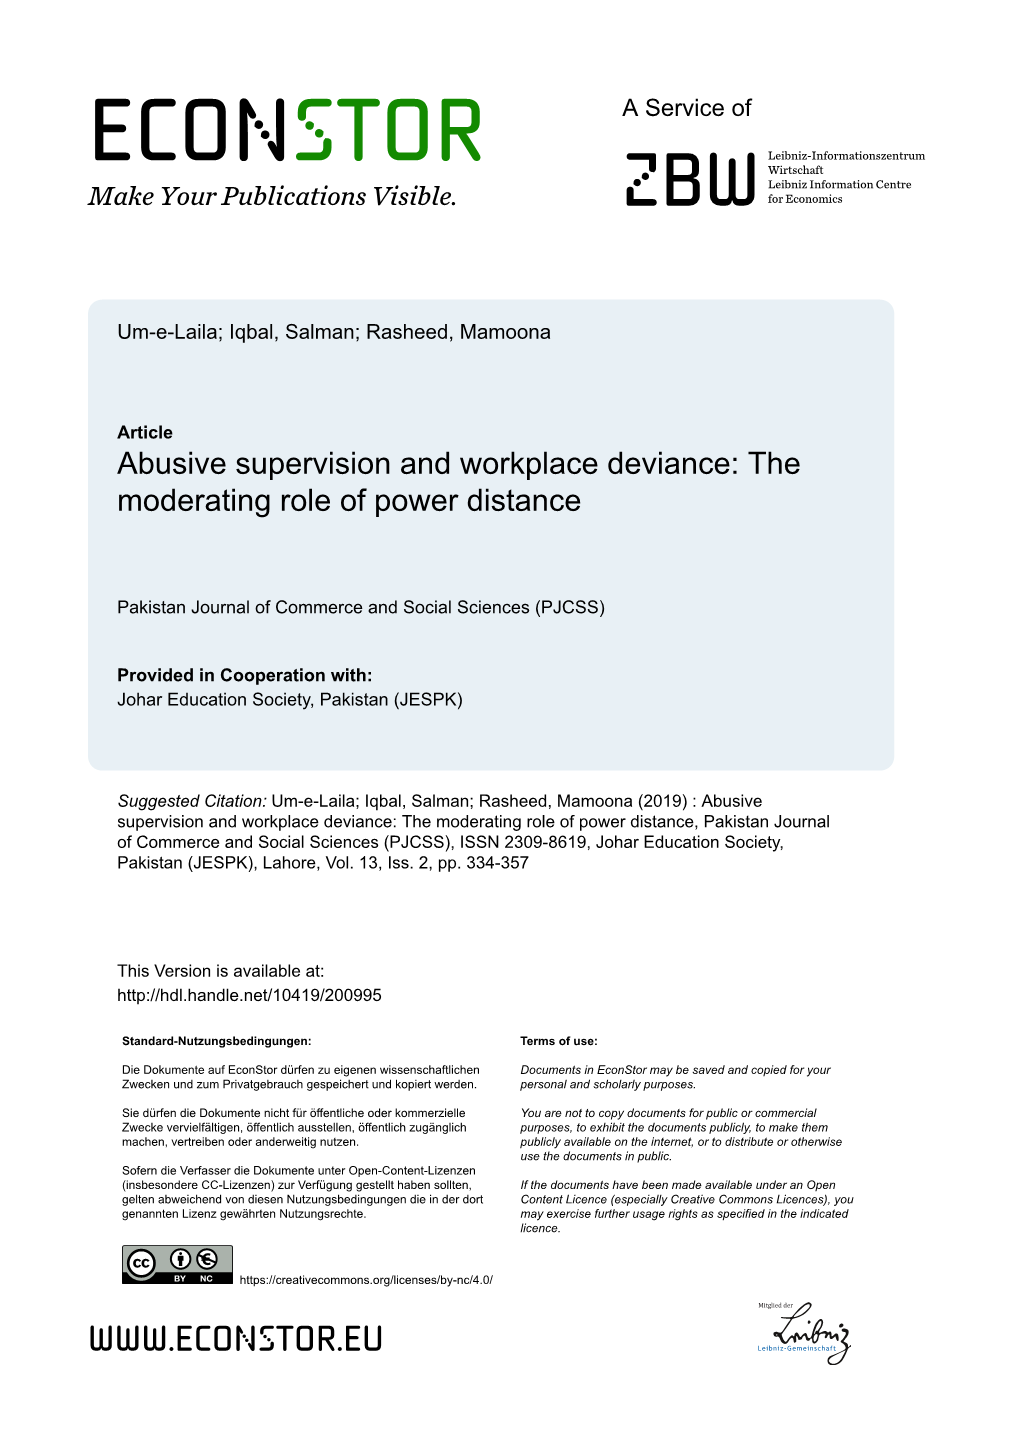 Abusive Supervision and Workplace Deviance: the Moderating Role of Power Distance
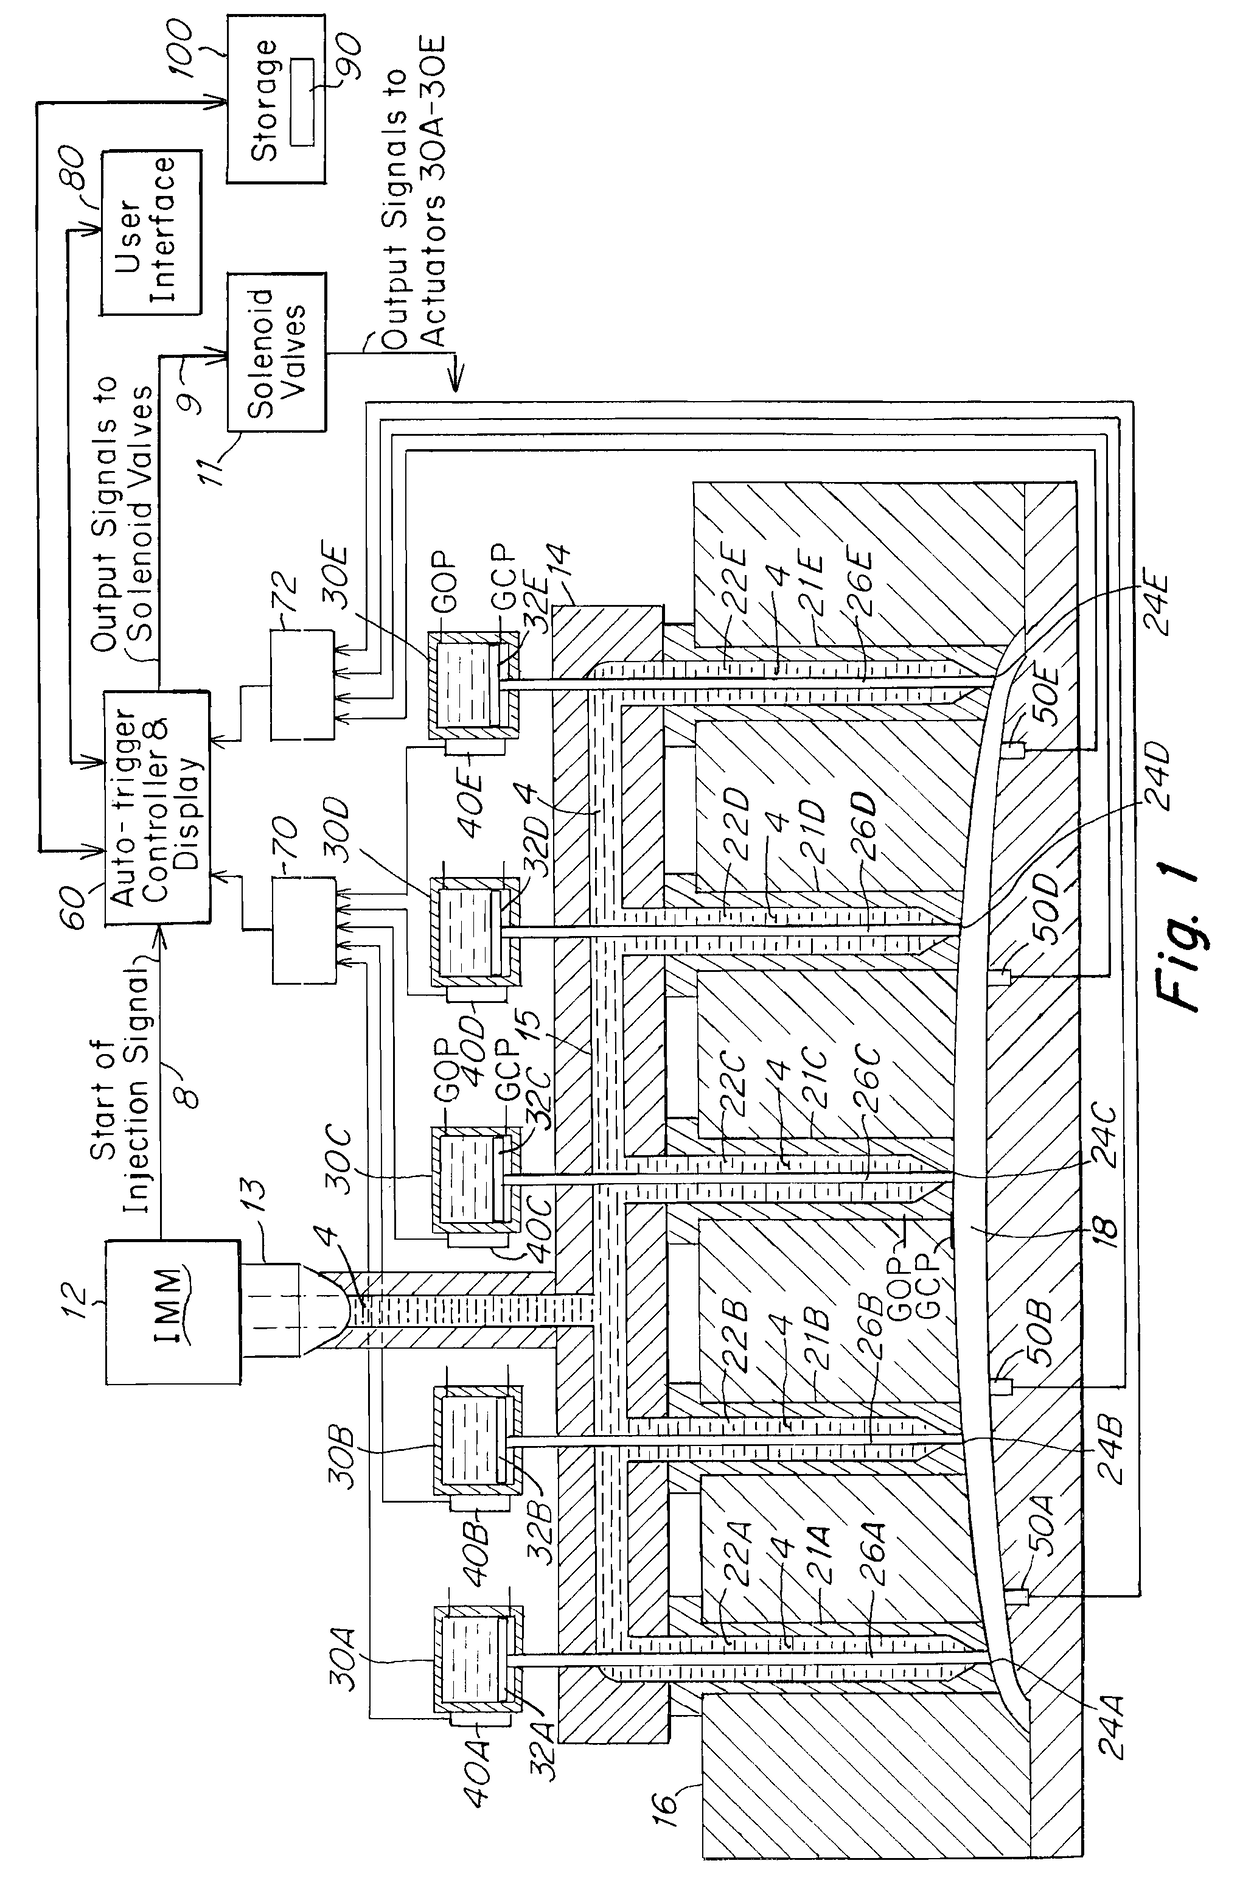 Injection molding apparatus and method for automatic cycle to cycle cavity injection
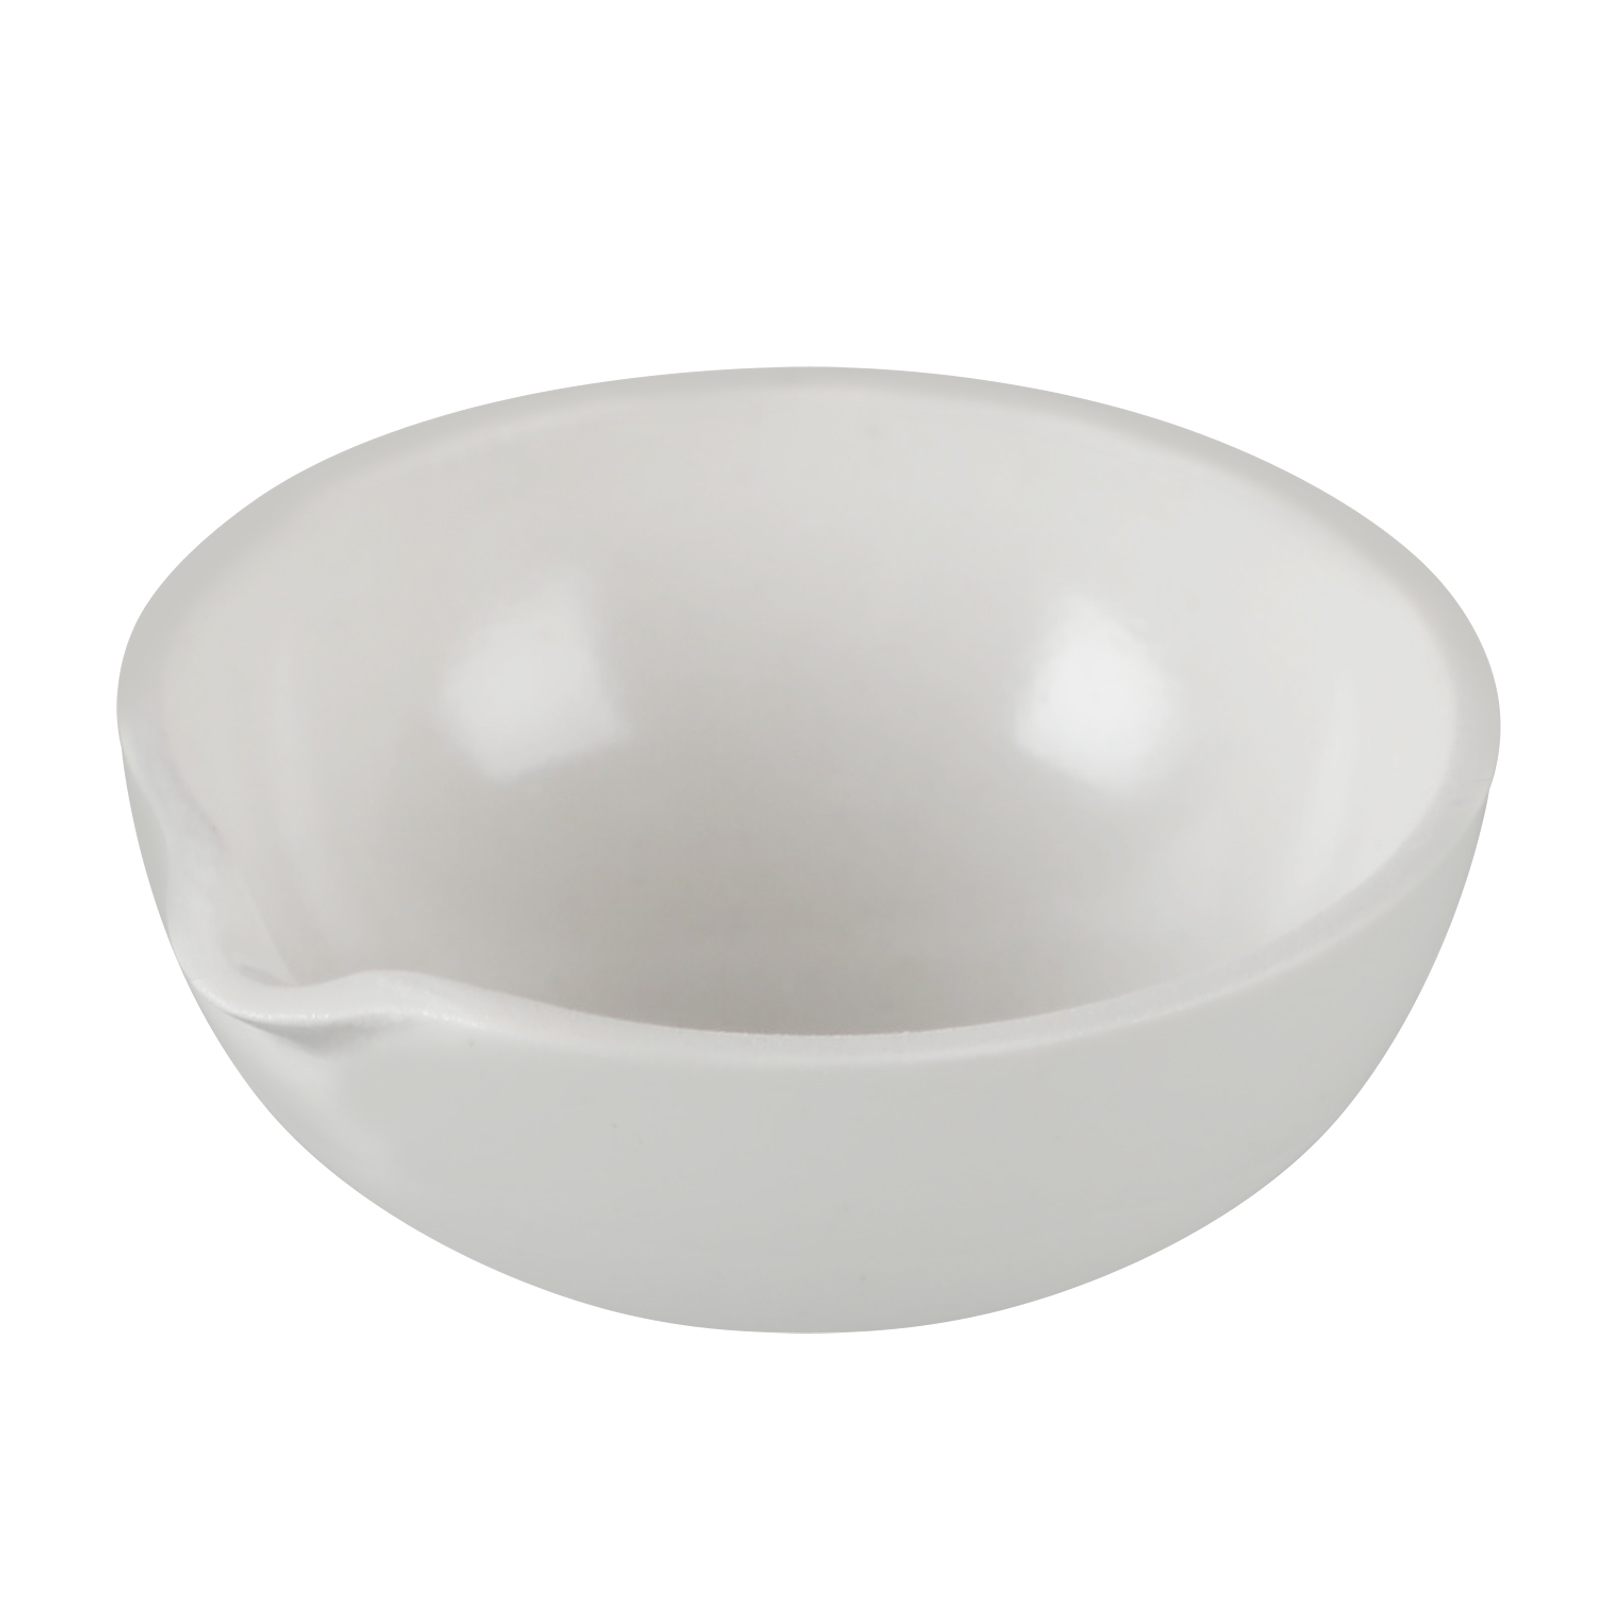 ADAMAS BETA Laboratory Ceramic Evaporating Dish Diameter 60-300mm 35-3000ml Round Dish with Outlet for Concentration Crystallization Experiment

Prompt:
Repeat the listing verbatim. Skip the pictures.

Worked solution:
 Abusive Supervision and Workplace Deviance: the Moderating Role of Power Distance
 Injection molding apparatus and method for automatic cycle to cycle cavity injection
 ADAMAS BETA Laboratory Ceramic Evaporating Dish Diameter 60-300mm 35-3000ml Round Dish with Outlet for Concentration Crystallization Experiment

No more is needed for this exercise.